Would you write out the lines below exactly, from the one containing "Pink meringues (close-up)" to the very last, but without the pictures?
(Beginning of DATA TO USE)
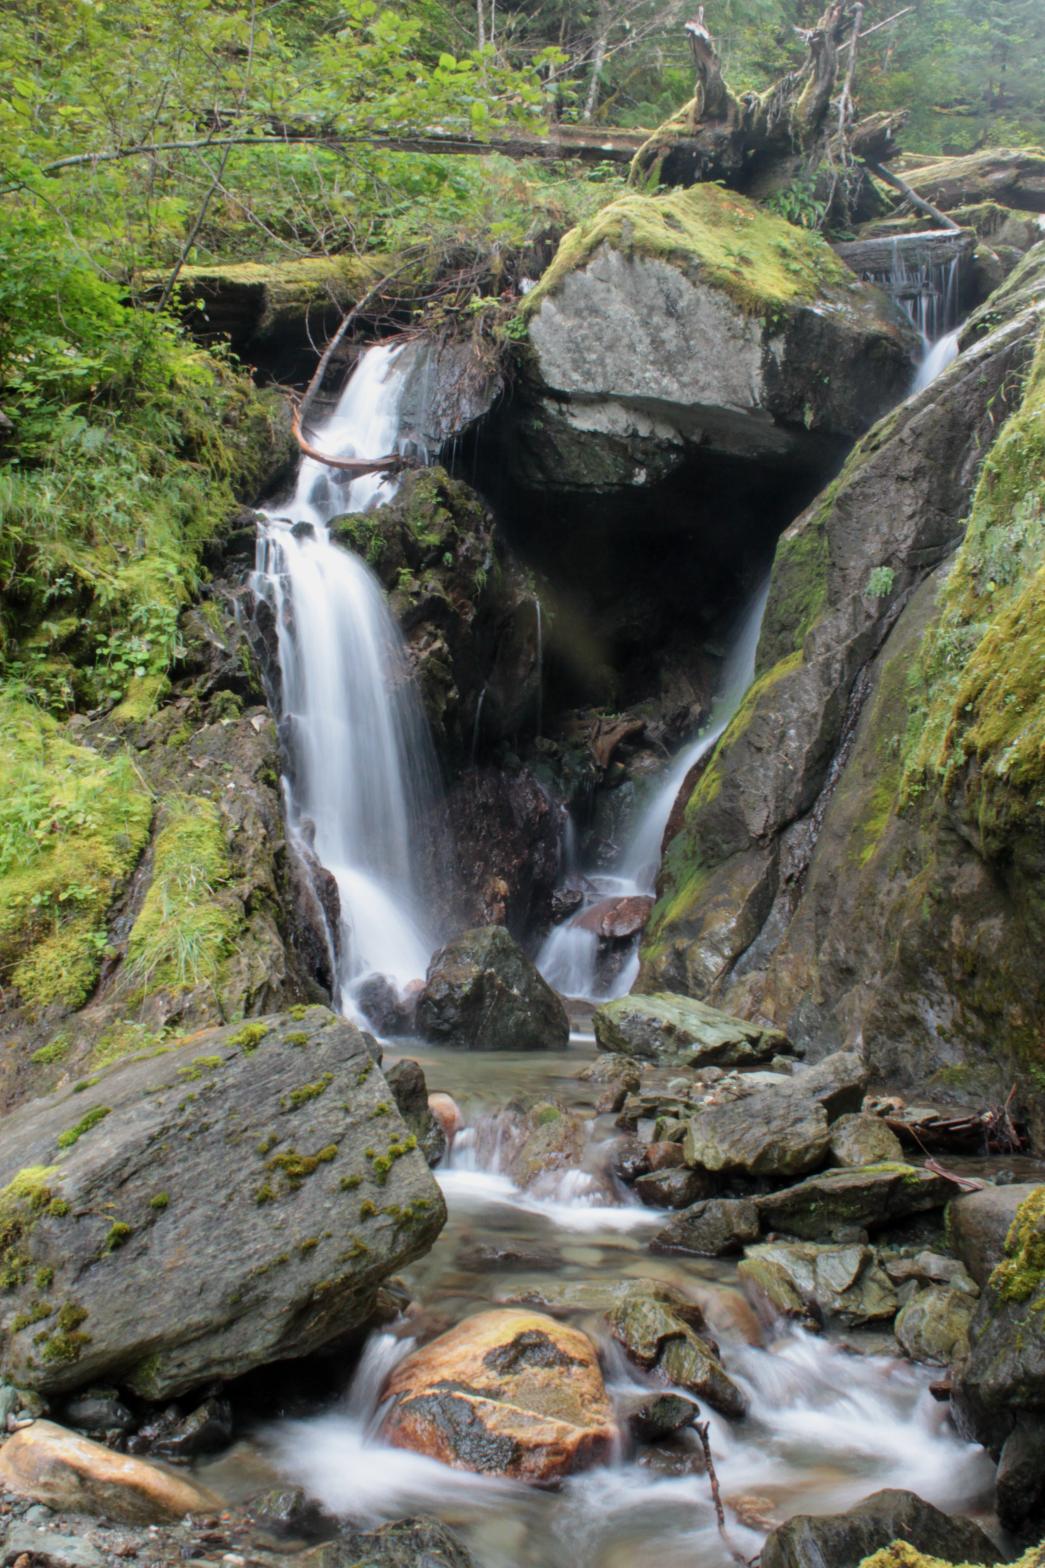 Middle Tier of Conrad Creek Falls
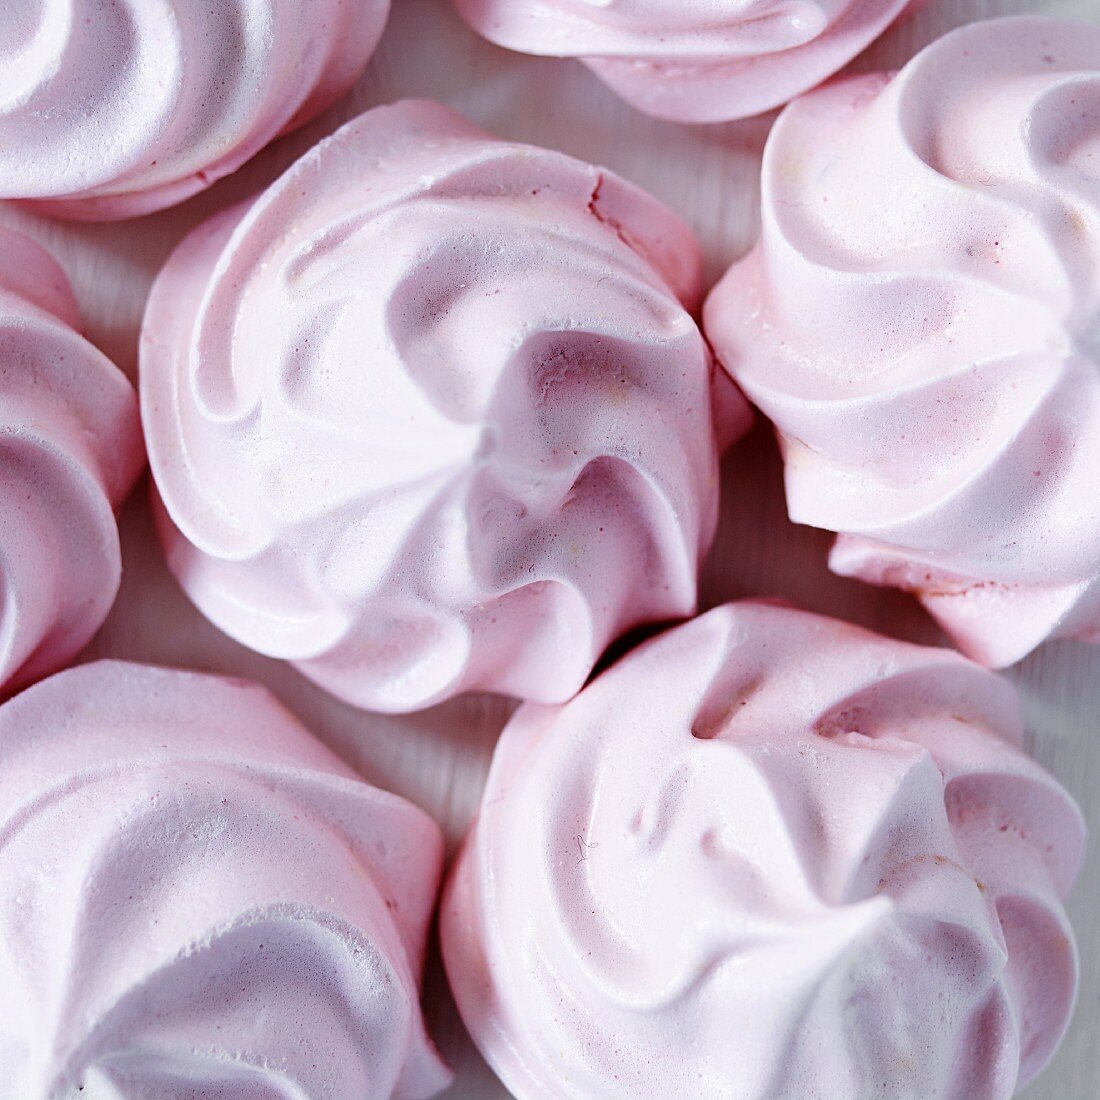 Pink meringues (close-up)
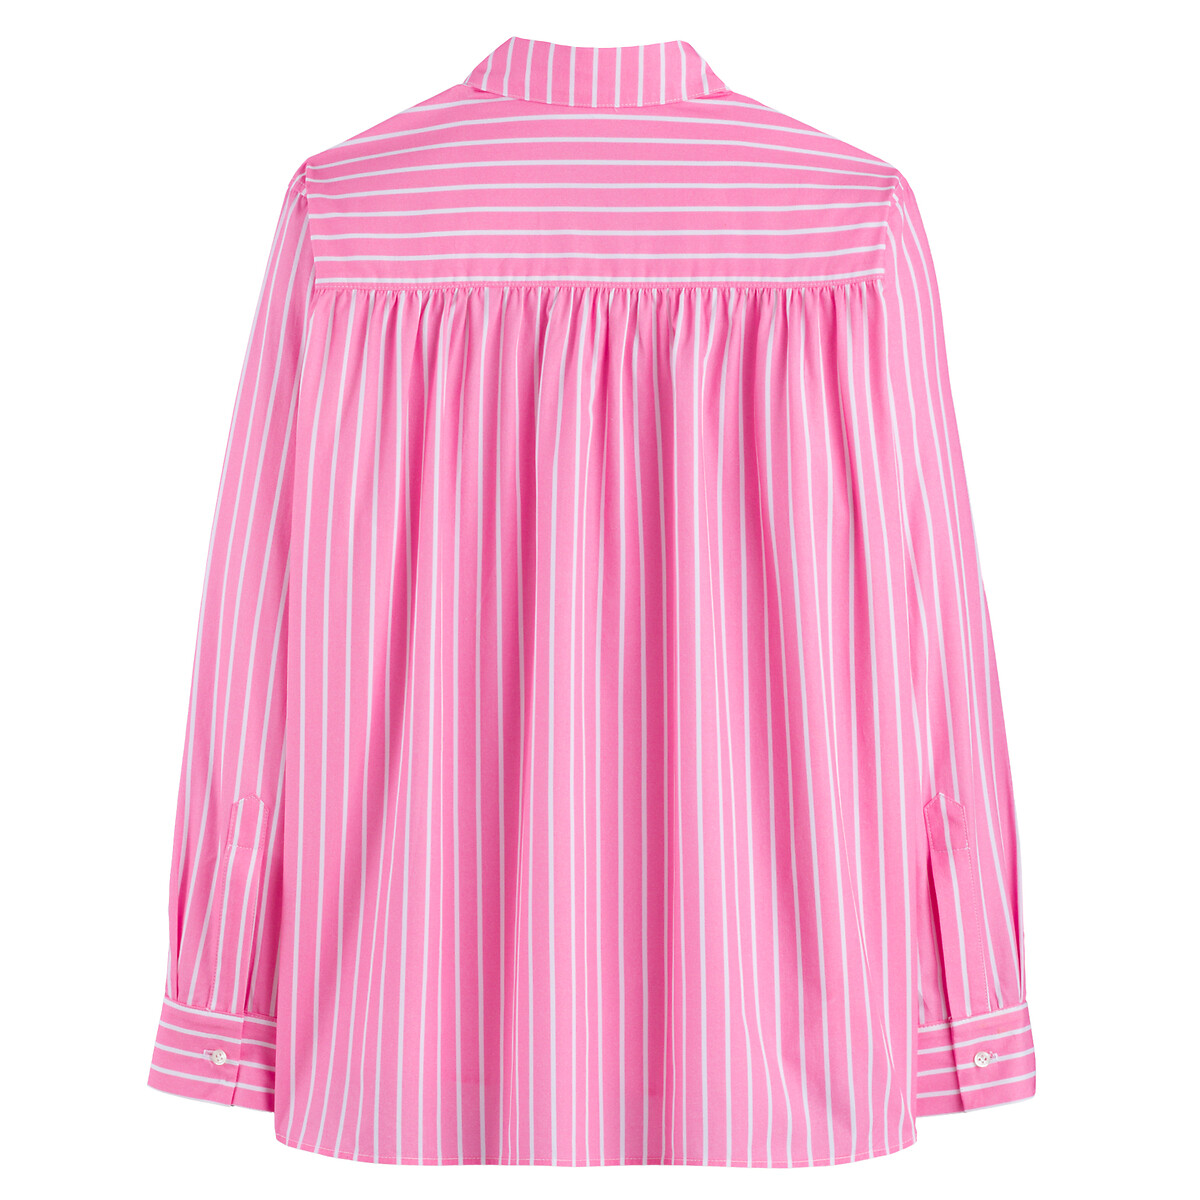 Рубашка В полоску с длинными рукавами 38 (FR) - 44 (RUS) розовый LaRedoute, размер 38 (FR) - 44 (RUS) Рубашка В полоску с длинными рукавами 38 (FR) - 44 (RUS) розовый - фото 3
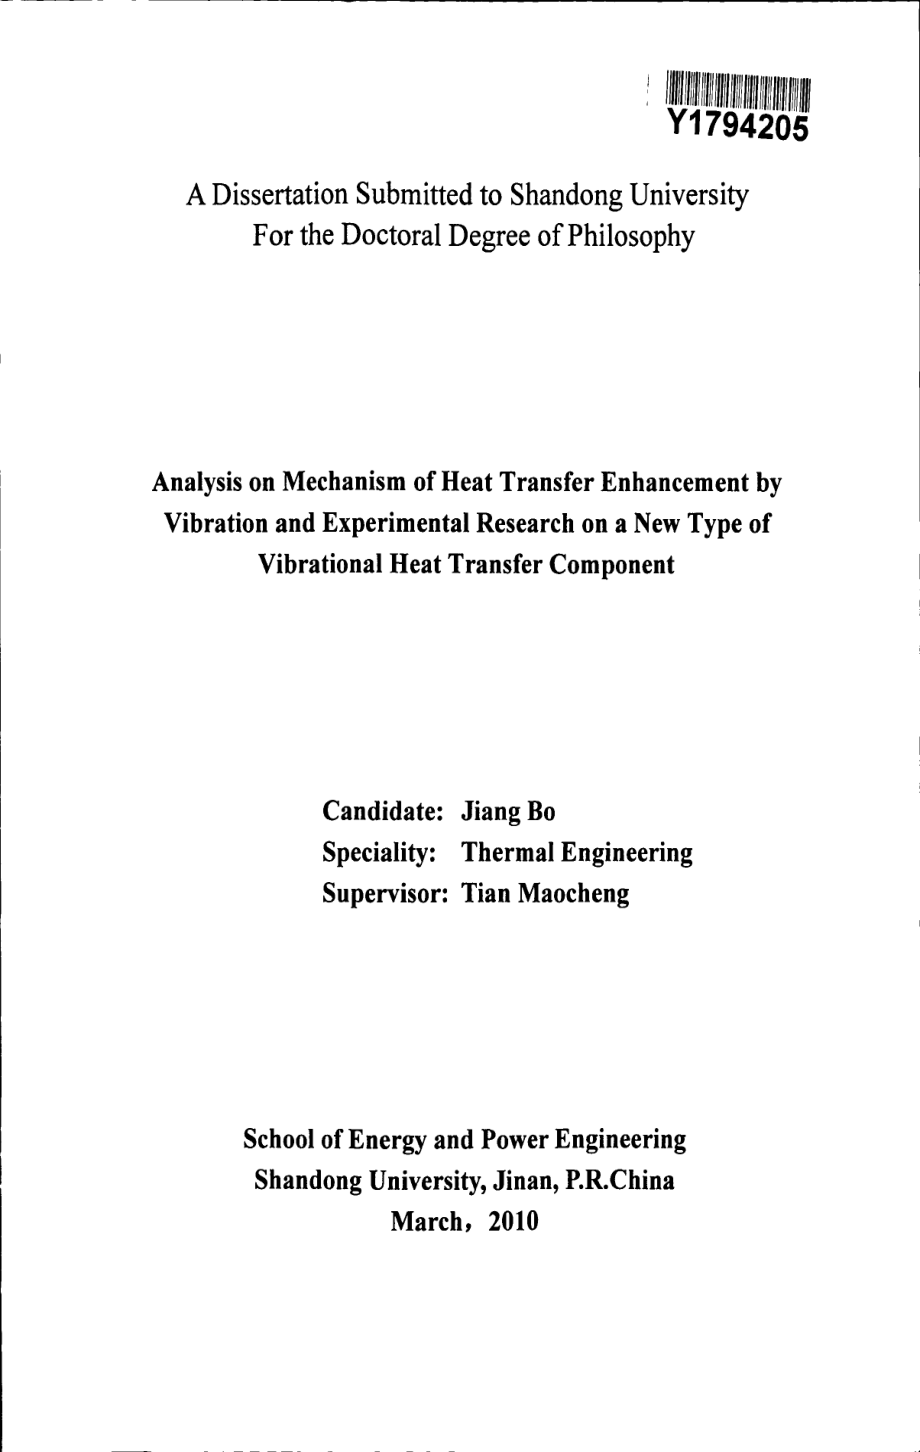 振动强化传热机理分析及新型振动传热元件实验研究_第3页
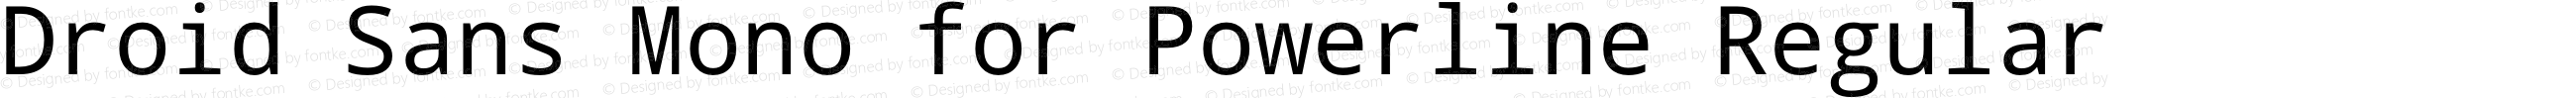 Droid Sans Mono for Powerline Nerd Font Plus Font Awesome Plus Pomicons Mono
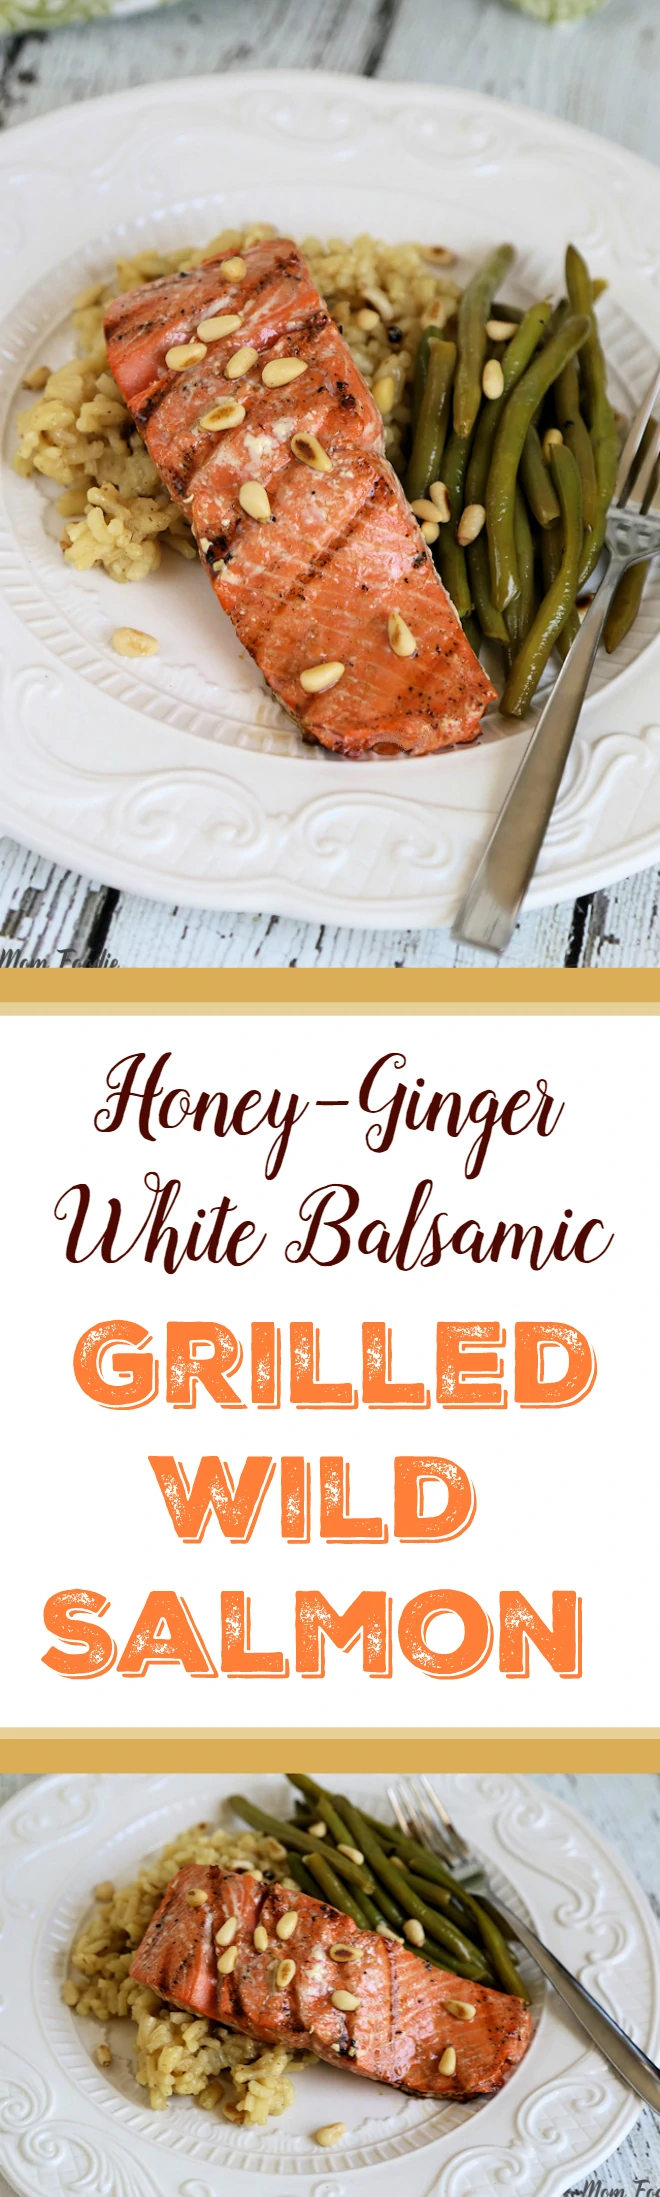 Honey Ginger White Balsamic Grilled Wild Salmon
(End of DATA TO USE)
= FINAL ANSWER =
 Pink meringues (close-up)
 Рубашка В полоску с длинными рукавами 38 (FR) - 44 (RUS) розовый LaRedoute, размер 38 (FR) - 44 (RUS) Рубашка В полоску с длинными рукавами 38 (FR) - 44 (RUS) розовый - фото 3
 振动强化传热机理分析及新型振动传热元件实验研究_第3页
 Droid Sans Mono for Powerline Nerd Font Plus Font Awesome Plus Pomicons Mono
 Honey Ginger White Balsamic Grilled Wild Salmon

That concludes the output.